UBC Theses and Dissertations
A cross-sectional study to evaluate the effect of statins on Achilles tendon morphology using ultrasound tissue characterization. de Sá, Agnetha
There has been growing interest in studying the possible effects of statins on tendons due to case studies and retrospective chart reviews that reported a potential relationship between statin use and tendon pathology, as well as laboratory studies demonstrating that statins directly influence tenocyte metabolism. However, a recent epidemiological study found no association between statin use and the risk of tendon rupture.
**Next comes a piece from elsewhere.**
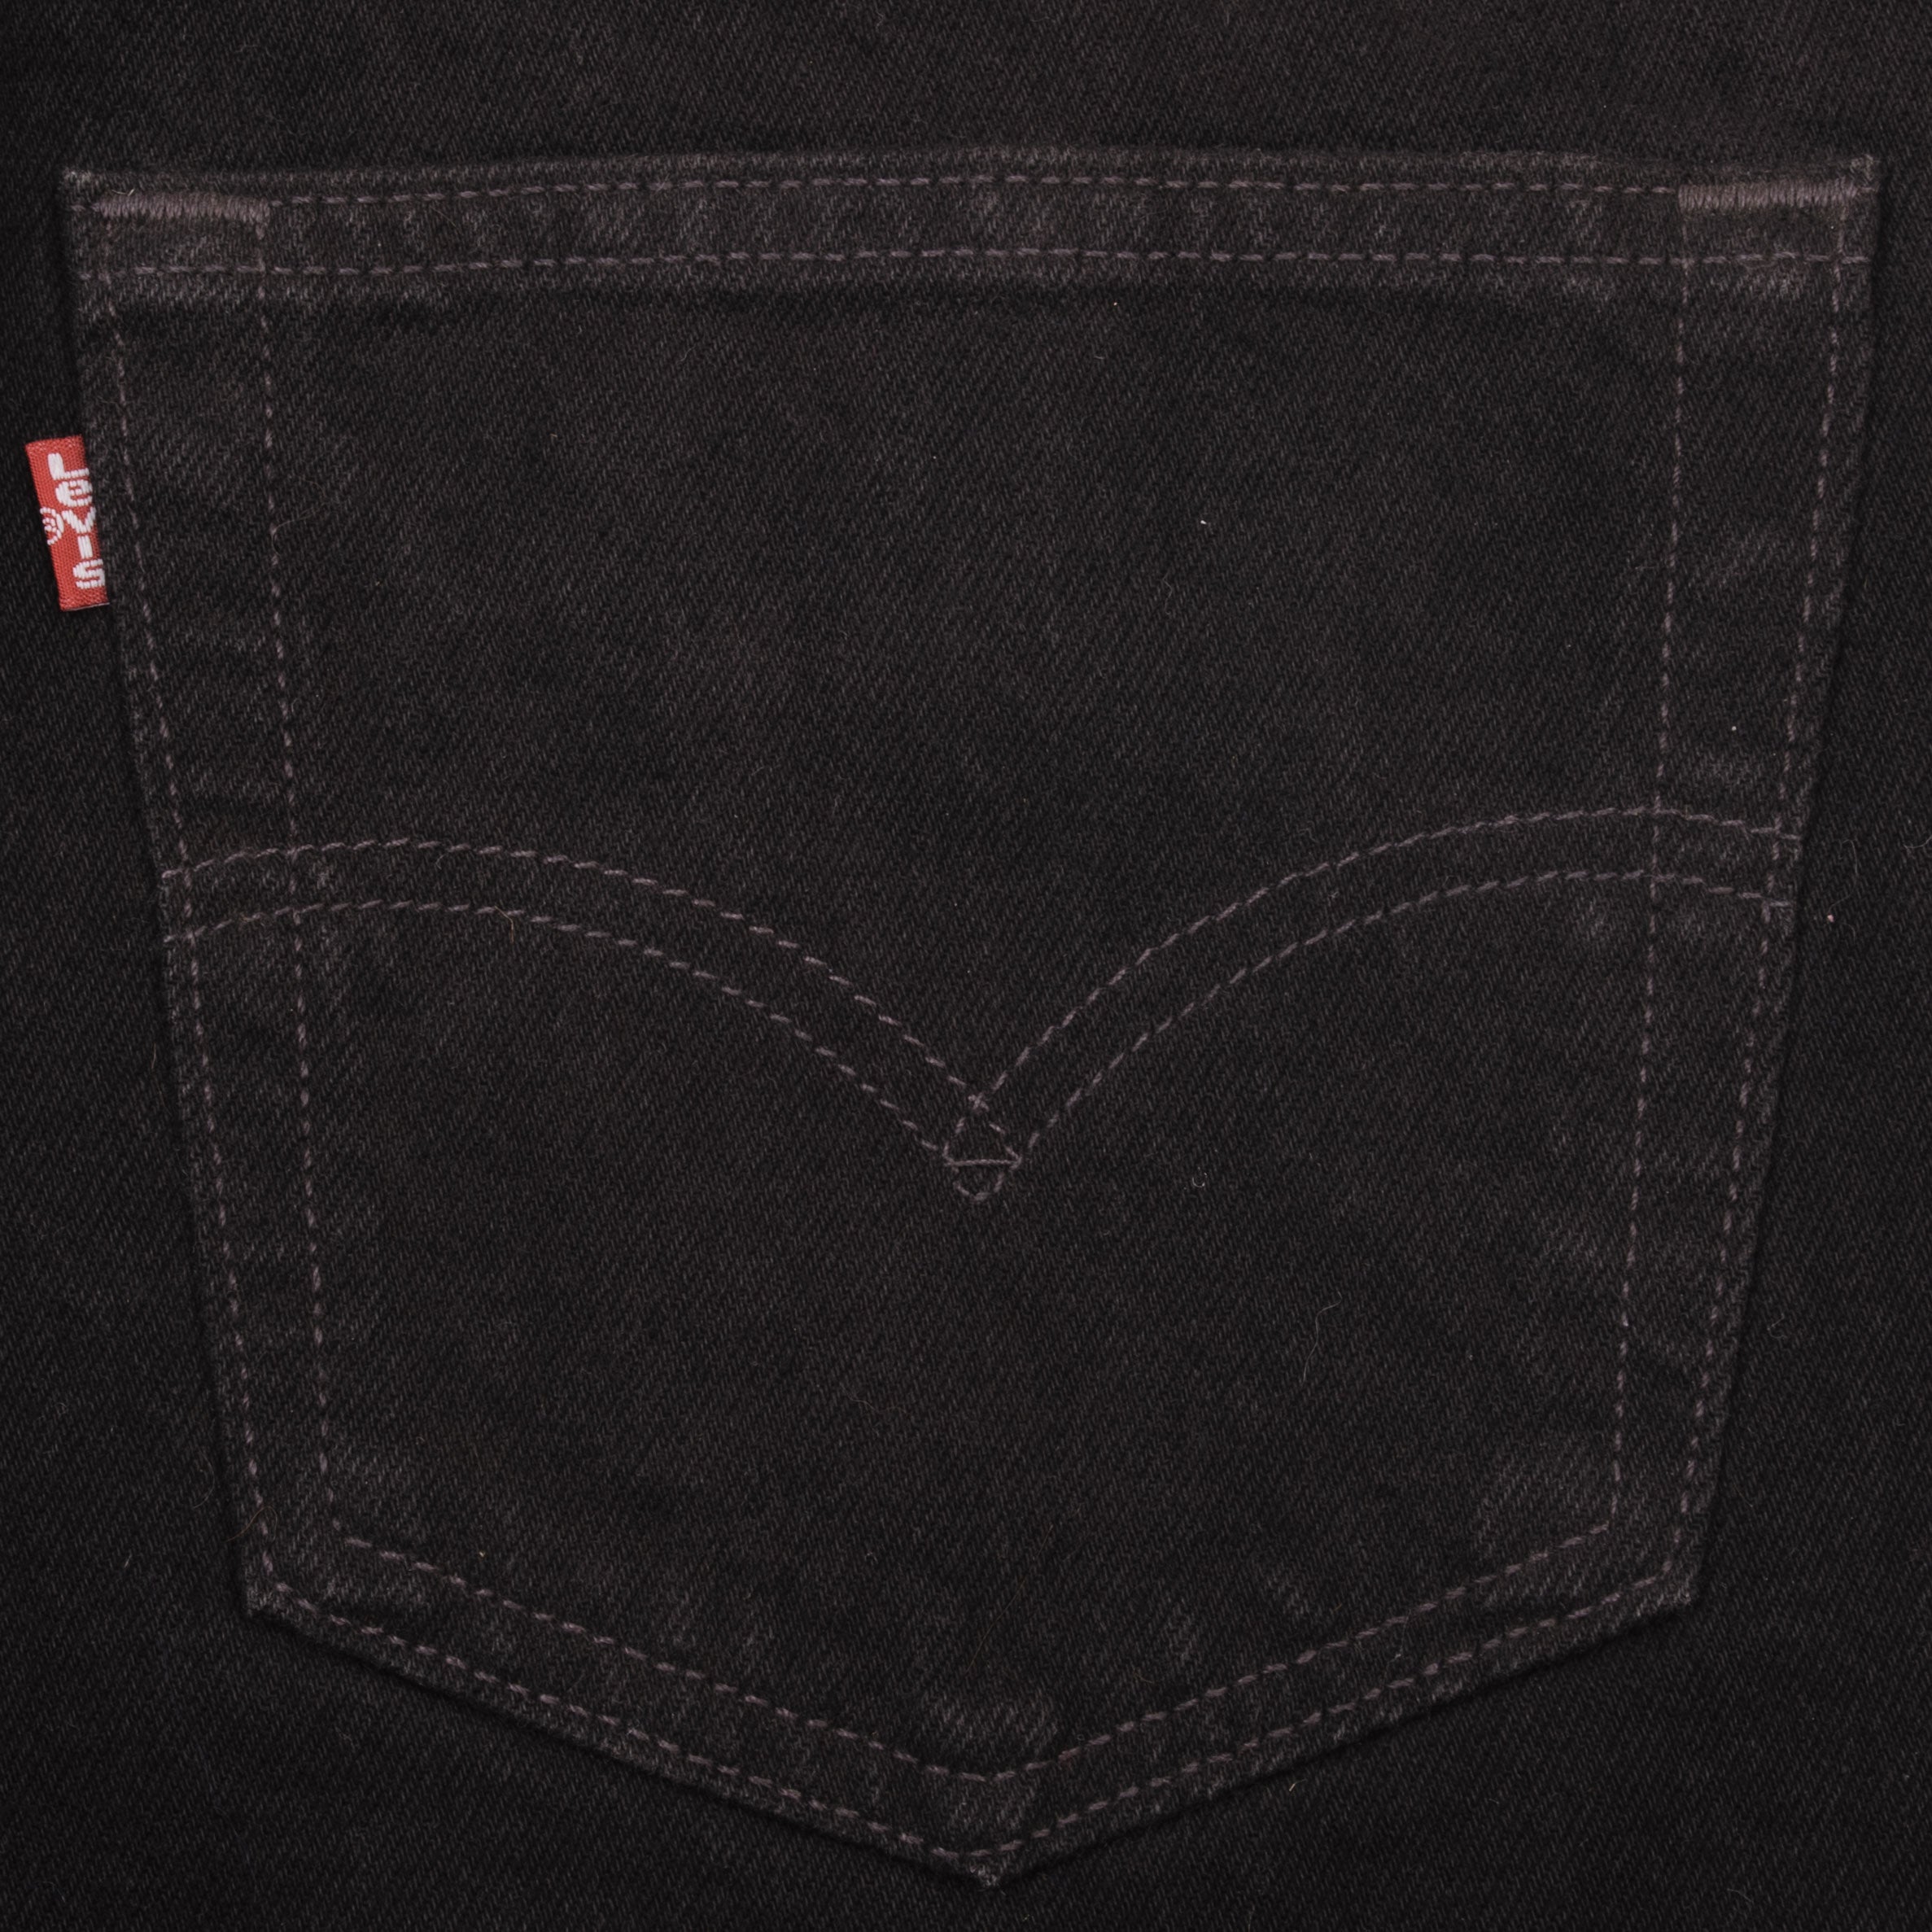 VINTAGE LEVIS 501 JEANS BLACK 1990S SIZE W33 L30 MADE IN USA – Vintage rare  usa

Since statins are widely used cholesterol-lowering medications, it is important to understand the potential relationship between statin use and tendon health. With the use of Ultrasound Tissue Characterization (UTC), the aims of this pilot cross-sectional study were to see if there were signs of reduced collagen organization or increased cross-sectional area (CSA) of the Achilles tendon in individuals who had been taking statins for at least a year (the Statin group), compared to those who had never taken a statin (the Control group). We hypothesized that individuals in the Statin group would demonstrate a greater cross-sectional area and reduced collagen organization (determined by the percent of echo-type I) of their Achilles tendons compared to individuals in the Control group. To test this hypothesis, we analyzed the UTC scans of 66 individuals who were either taking Statins (n=33) or who had never taken statins (n=33, control group) and compared their resulting Achilles tendon CSA and echo-type I values. There were no significant differences in Achilles tendon CSA or proportion of echo-type I patterns between the two groups, implying that statins do not negatively impact the health of the Achilles tendon. In the entire cohort (n=66), there were significant effects of age (r = -0.31, p = 0.012) and BMI (r = -0.31, p = 0.012) on echo-type I values. These findings support previous work which demonstrated a lack of association between statin use and tendon pathology, but demonstrate the negative effects of aging and elevated BMI on tendon health.